Blog: Red Teaming
Real-life social engineering. Two days in tweets
This is the write-up of my live tweets while on a recent social engineering engagement. It’s all available on my feed @ghostie_
I did this because I wanted to share what it’s like to prep for, and work through a job, warts and all. If you can take anything away, to enhance your technique, or defend against it then it’s been worthwhile :)
Remember, I tweeted this on the fly, whilst conducting a real life, real time engagement. Because of that I’ve edited it a little for context, minor details and typos.
DAY ONE – Reconnaissance
10:12 AM · Sep 2, 2019 Going to (semi) live tweet physical recon that I’m doing today for an entry tomorrow.
I’ll reference some points from my DEF CON 27 talk.
I’ve already done some OSINT so I know the building and it’s layout. (PS this building is not my target)
The lie of the land
10:14 AM · Sep 2, 2019 I’m at the target site.
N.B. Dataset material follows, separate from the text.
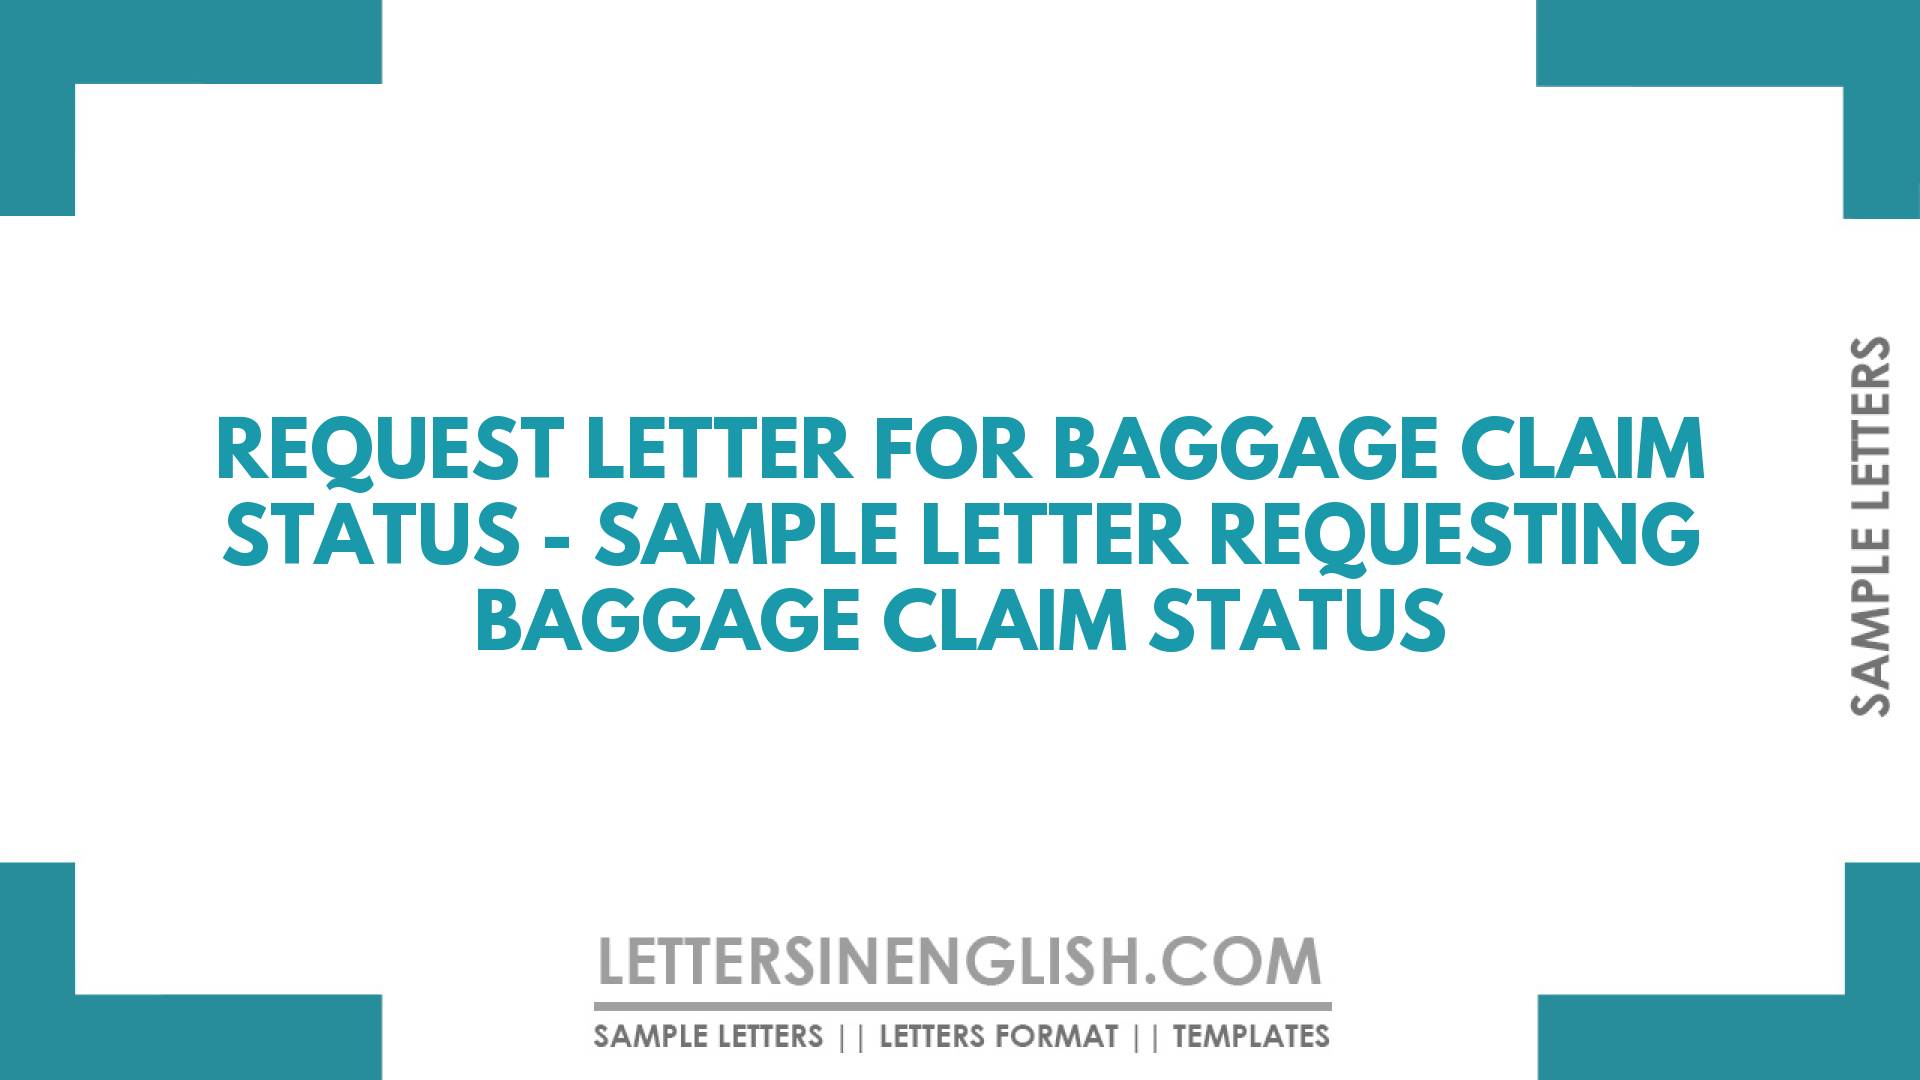 Request Letter For Baggage Claim Status Sample Letter Requesting Baggage Claim Status 9333

First thing I notice, several other companies on different floors.
I’m going for a basic tailgate and will try to match dress style etc.
Several other companies in the same building makes matching dress style hard.
10:16 AM · Sep 2, 2019 Are the people I’m seeing from my target or a different company?
From what I’ve seen so far, there are two dress styles, very casual (jeans, t-shirt kinda casual) and very smart (full suits, ties etc).
Scoping out entry options
10:19 AM · Sep 2, 2019 I’ve made a note of the other company names [in the same building] and I’ll research that later.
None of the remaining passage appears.